### Action item
A word-for-word reproduction of the data below is needed, with no pictures in it.

### Source material
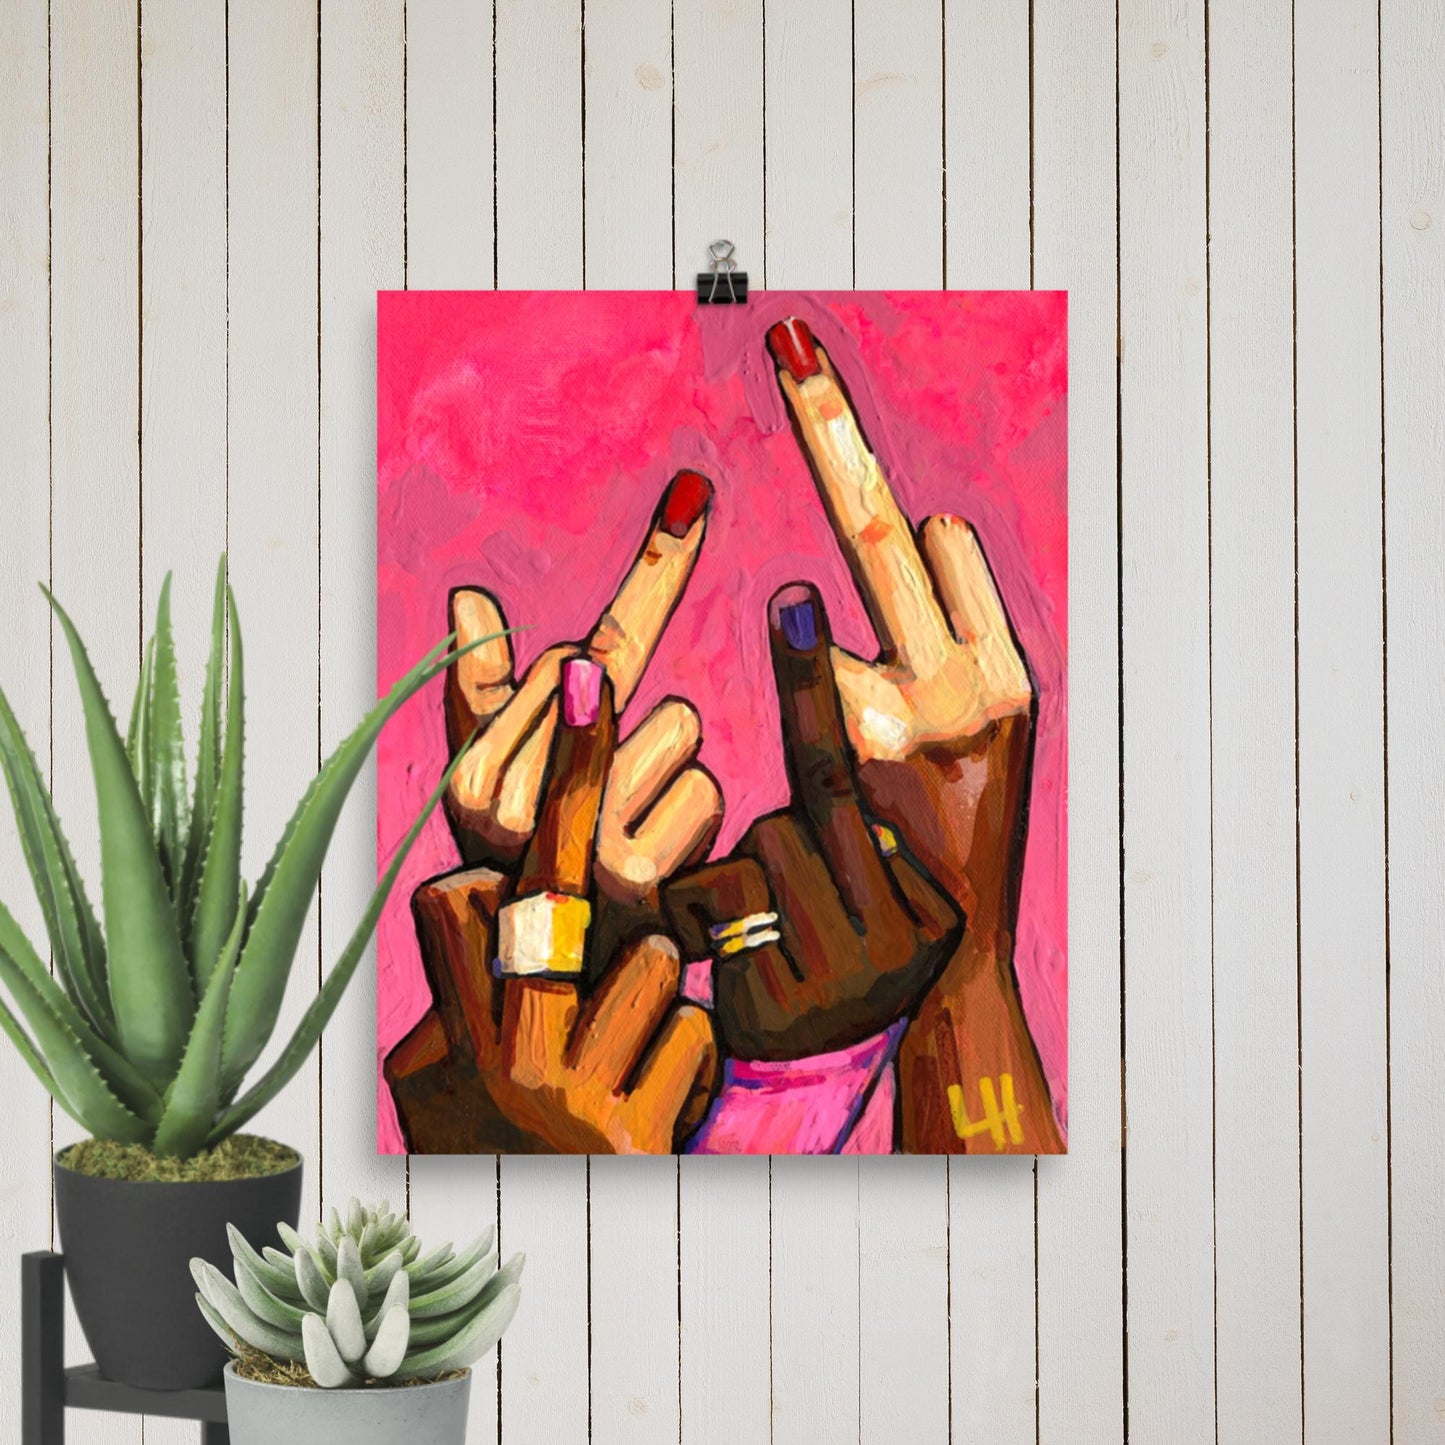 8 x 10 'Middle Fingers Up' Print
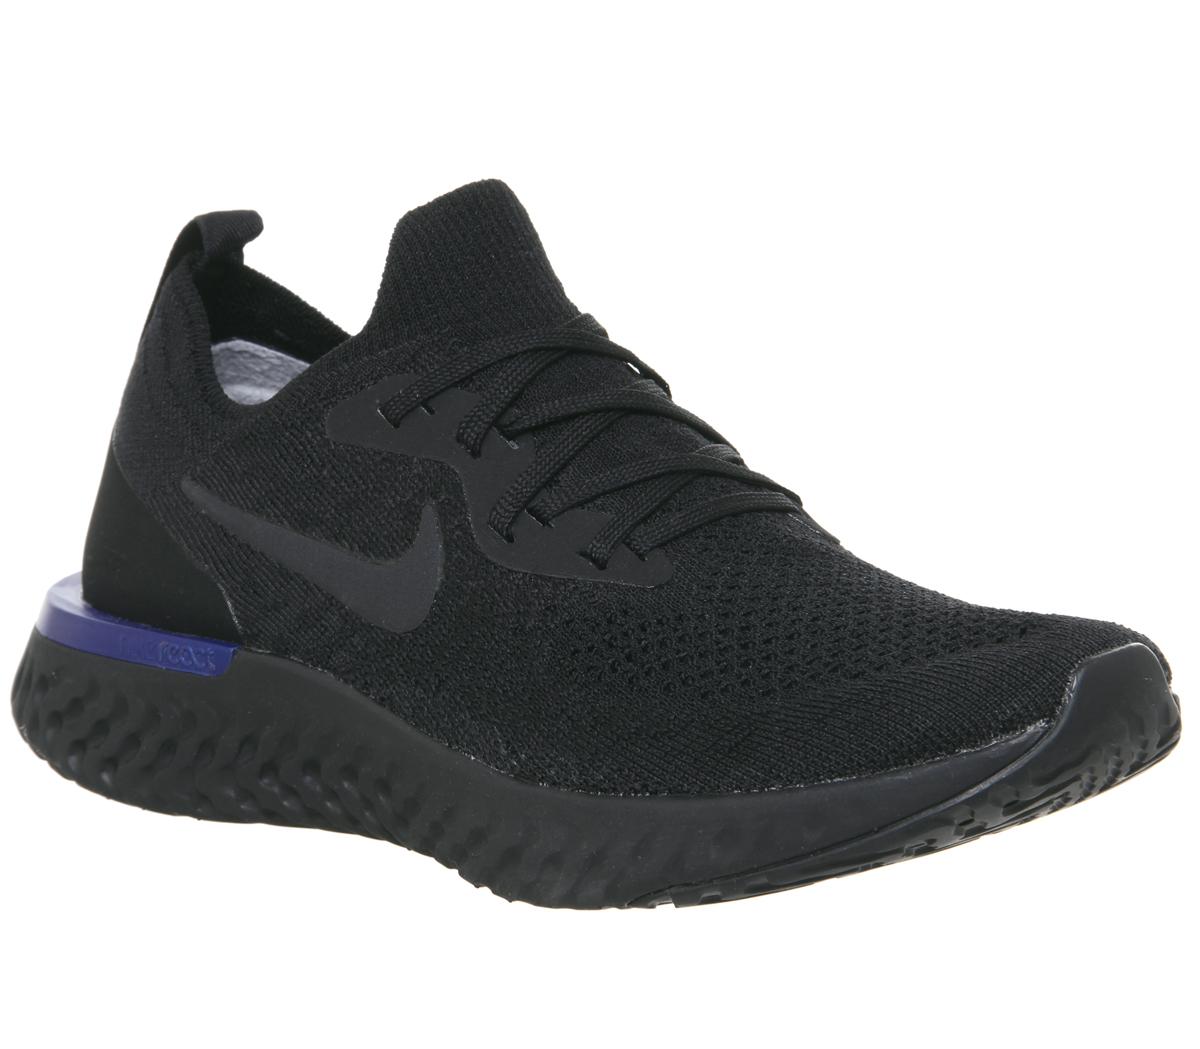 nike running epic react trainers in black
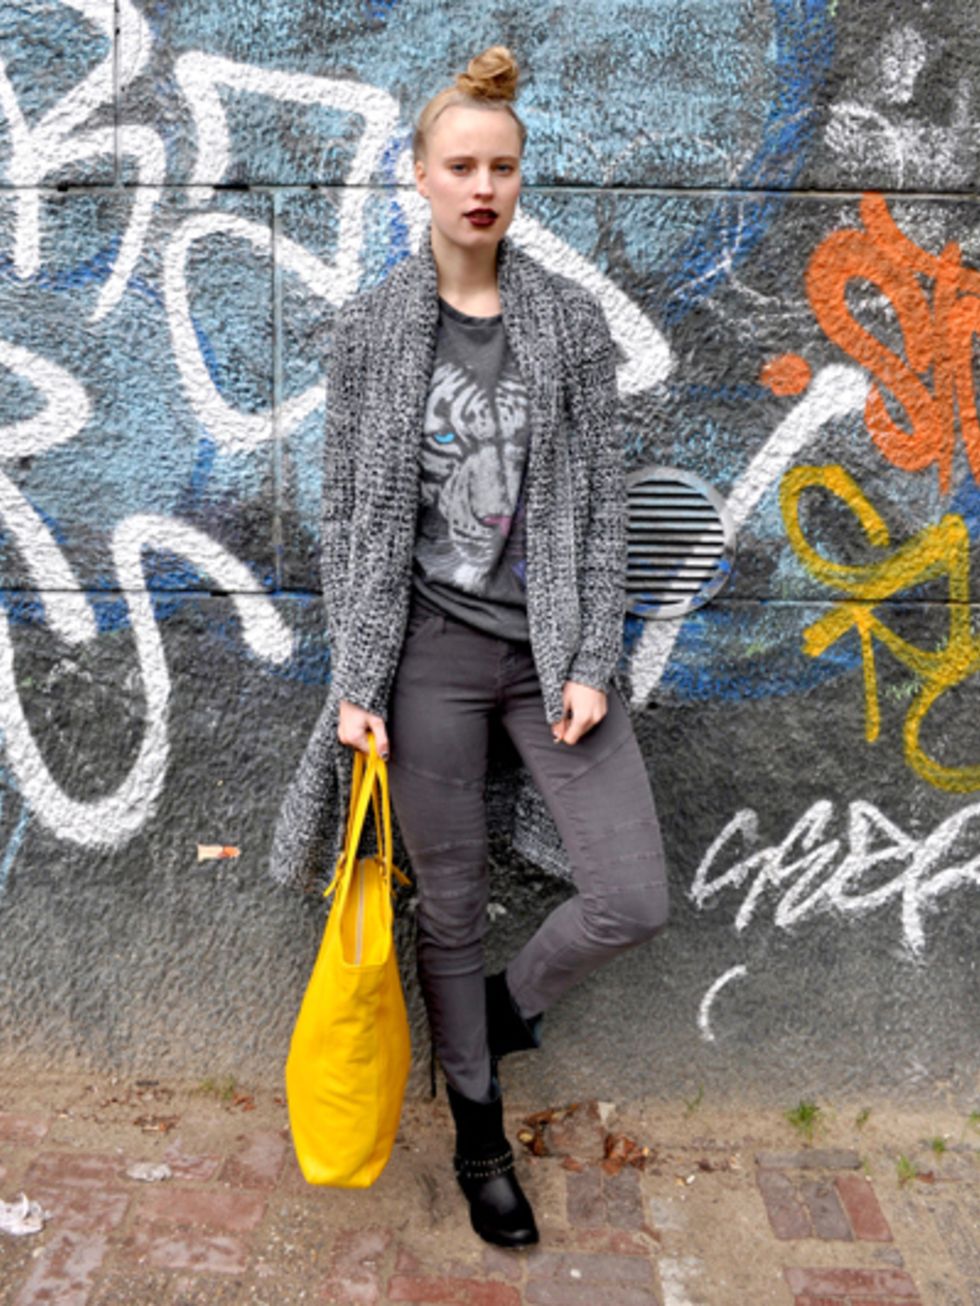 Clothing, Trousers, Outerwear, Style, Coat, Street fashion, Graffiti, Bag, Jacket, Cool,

### Finished exercise
 8 x 10 'Middle Fingers Up' Print
 nike running epic react trainers in black
 Clothing, Trousers, Outerwear, Style, Coat, Street fashion, Graffiti, Bag, Jacket, Cool,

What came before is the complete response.